The Information Age we are entering is a supreme challenge for the theological community. We know that what we are facing is more than simply relaying information, but presenting that information in a way which sets it in a context of relevance to the user of that information. The Christian scriptures, along with the sacred books of other faiths, were an attempt to communicate key elements of faith to a widely dispersed audience. These writings are full of the diversity of expression which could be found in the people during those times when the writings were authored, collected, and dispersed among the faithful.
The technology of writing, the various materials for holding these writings, and ensuing technologies for copying and distributing these writings often brought with them great shifts in the roles of the common people in their faith communities. The Prinitng Press is often heralded as the single most significant of these shifts into new communication technologies. Some would say that the present "MTV generation" would represent a modern shift from text and books to video as the major mode of communication.
Today we see in print and on television the identification of a new, "Information Age". We see regional Bell companies scurrying to acquire Cable TV operators, and many program producing conglomerates buying up alternative media producers such as multimedia developers. It seems as though it is apparent to everyone in the business and media world that the face of communication and entertainment is about to change forever.

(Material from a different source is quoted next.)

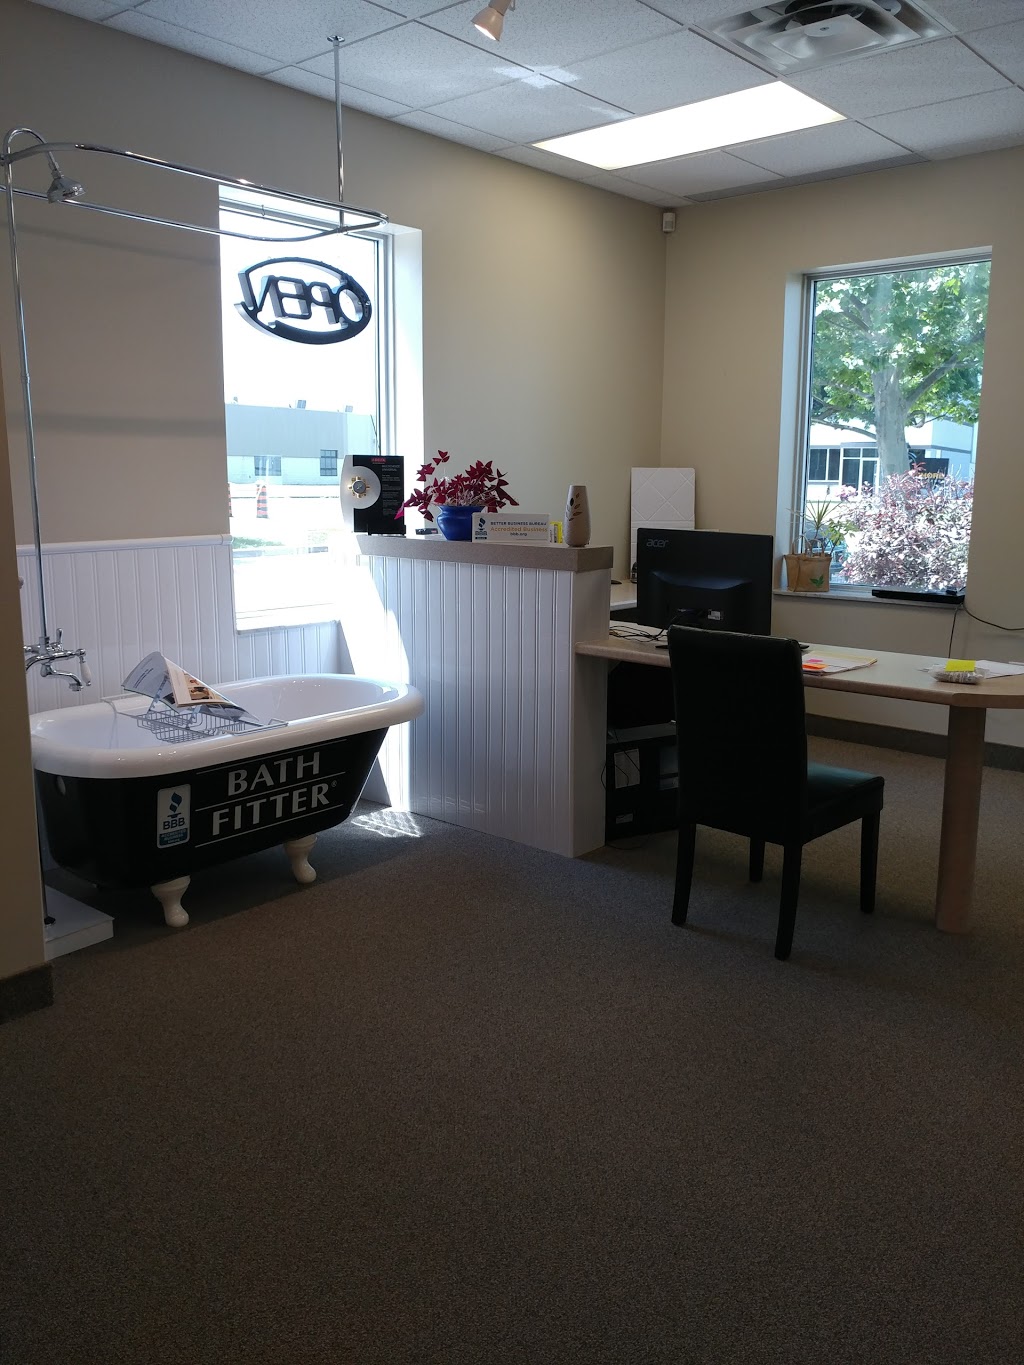 Bath Fitter | home goods store | 7950 Anchor Dr, Windsor, ON N8N 5E5, Canada | 5199792228 OR +1 519-979-2228

Just as the Churches in Luther and Gutenberg's day were able to build new movements through the wider availability of printed material, there are opportunities today for a more significant prescence of the church in the mainstreams of the communications world.
Today's "marketplace" consists of "the digital data highway", where faster, more efficient means of communication and sharing of vital information is taking place. This is happening within organizations and between "information" services which provide a variety of database services and resources for upgrading the communication efforts of any organization.
We've already seen it happen in the world of publishing and writing as the word processor and desktop publishing software have made it simple for almost any organization to produce its own internal news with documents of quality appearance and style previously attainable only by professional printers.
More recently, correspondence has been shifting dramatically toward the use of E-mail, eliminating costs previously neccessary for phone conversations (and the oft-resulting "phone-tag") or the time consuming US Mail or its more expensive "overnight" alternatives.
This newsletter will attempt to be your window into what is possible for the theological community in these new technologies. Here we will provide monthly glimpses into a wide variety of communication and educational technologies. The contributors are stationed around the world, but the immediacy of E- Mail will allow us to produce new issues quickly. We are trying our hand at developing a form for online presentation of this news (New technology Review Online, on the Ecunet system), as well as fordistribution in printed form, as you now see it.
The Ecunet community was the base for the development of this idea. The meeting "New Technology Review"" sounded the initial call for this kind of publication, and some of the other meetings' discussions provide meat for some of the issues we will be exploring here in the months ahead.